* [Task instructions]
Copy the material below verbatim from the line with "Wooden Star - Large" to the line with "Workman Middle School", both lines included, omitting pictures and every line outside that range.

* [Given records]
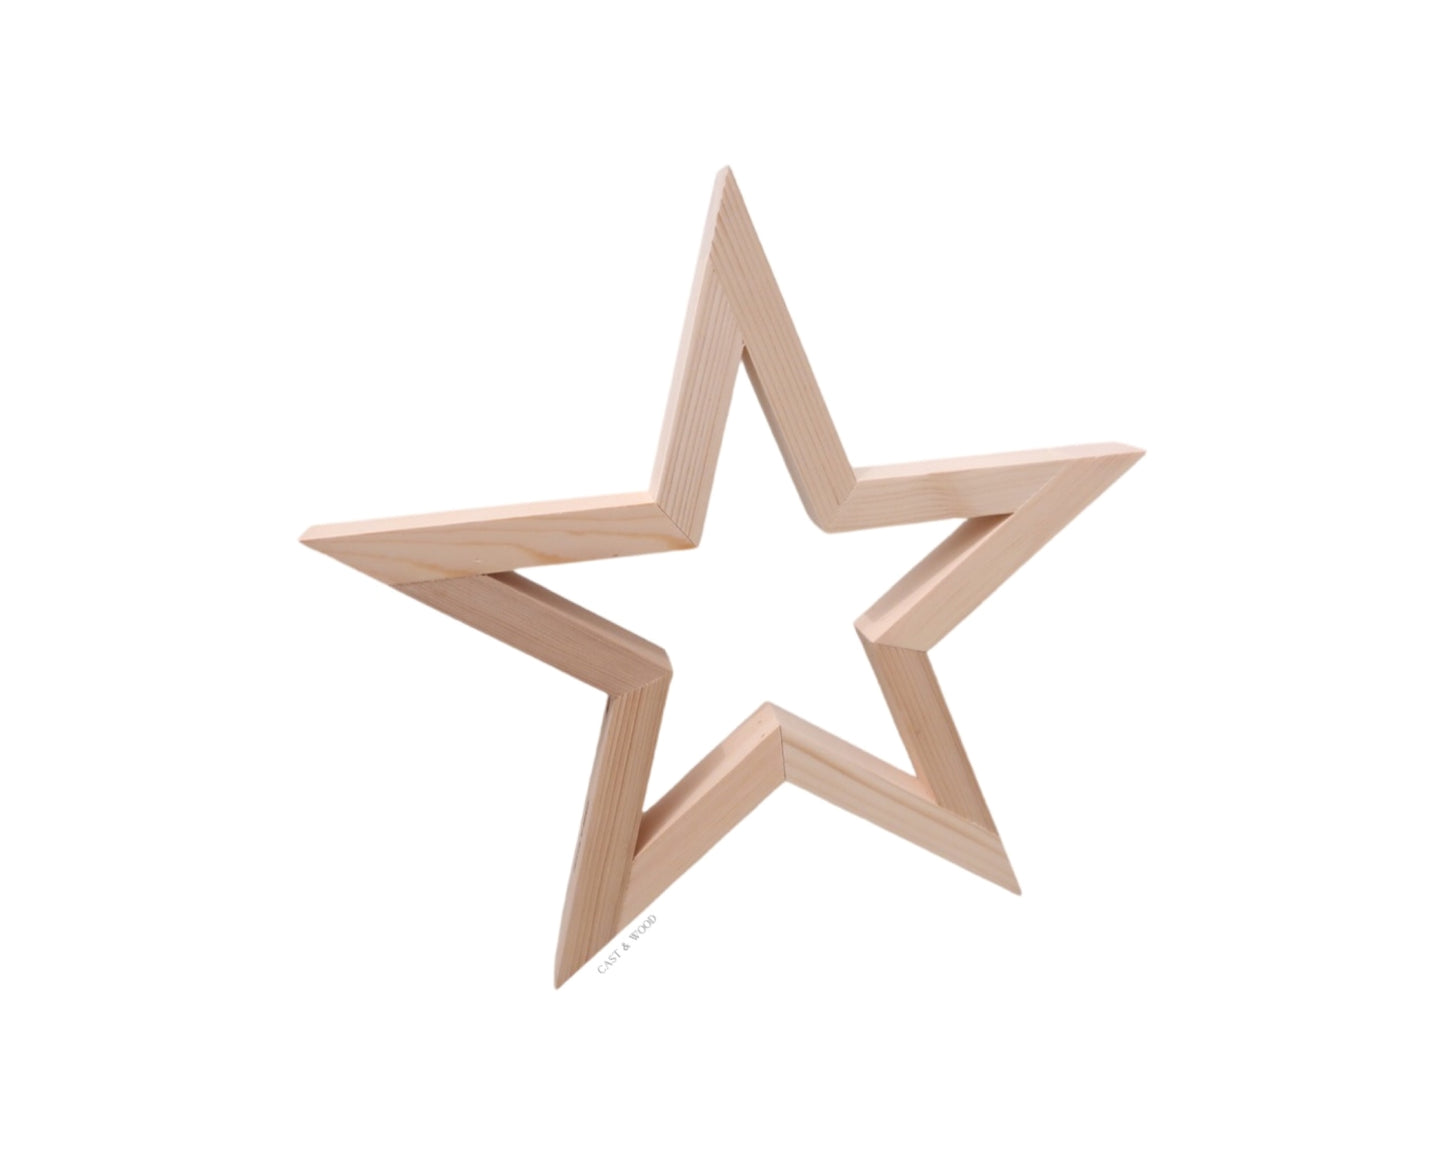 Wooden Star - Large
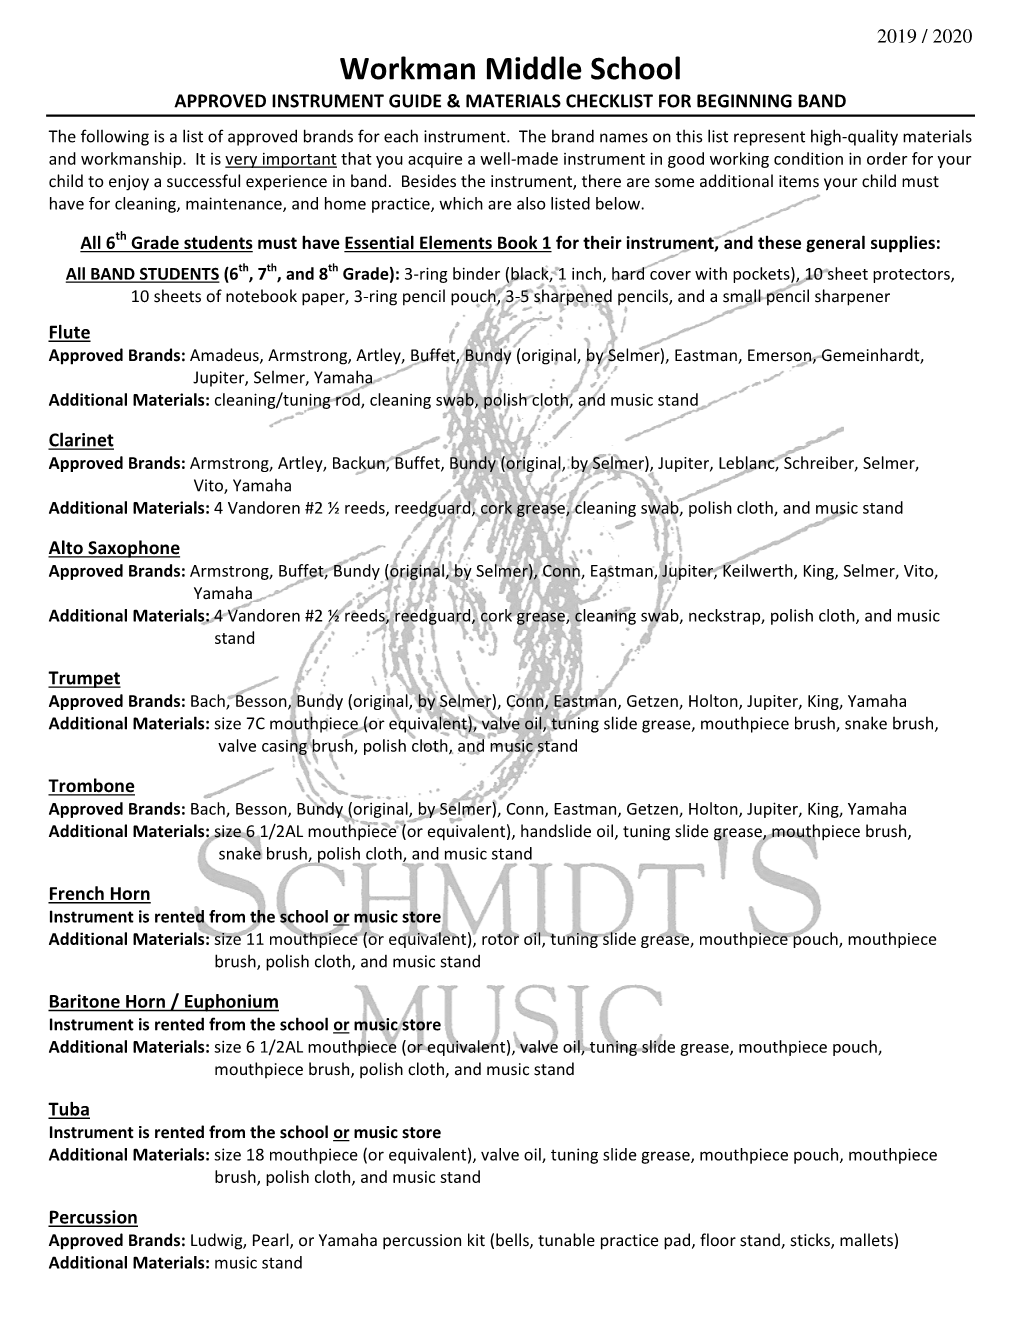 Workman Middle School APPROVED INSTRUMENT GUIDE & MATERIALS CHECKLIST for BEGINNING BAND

--

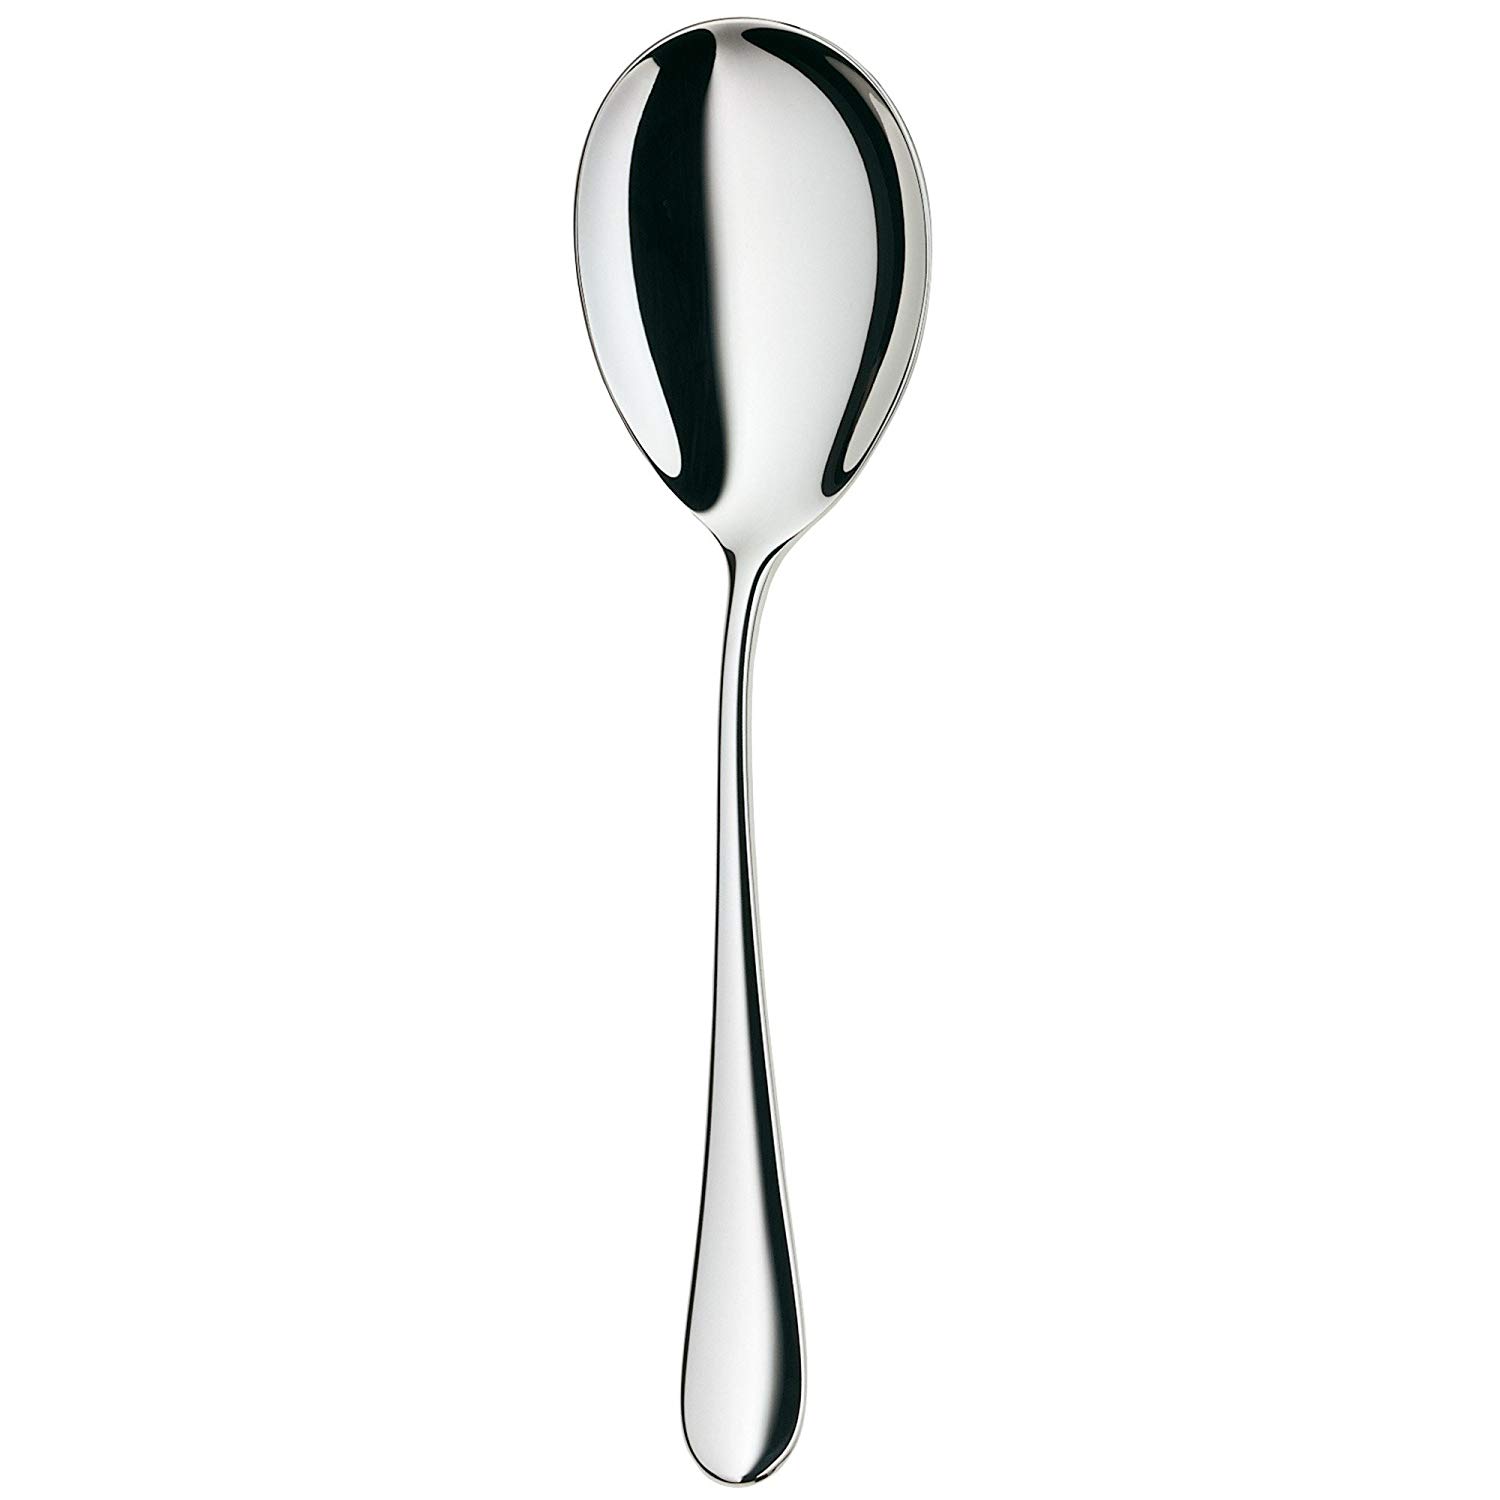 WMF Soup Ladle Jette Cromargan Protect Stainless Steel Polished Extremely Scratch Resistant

* [Response to the exercise]
 Wooden Star - Large
 Workman Middle School APPROVED INSTRUMENT GUIDE & MATERIALS CHECKLIST for BEGINNING BAND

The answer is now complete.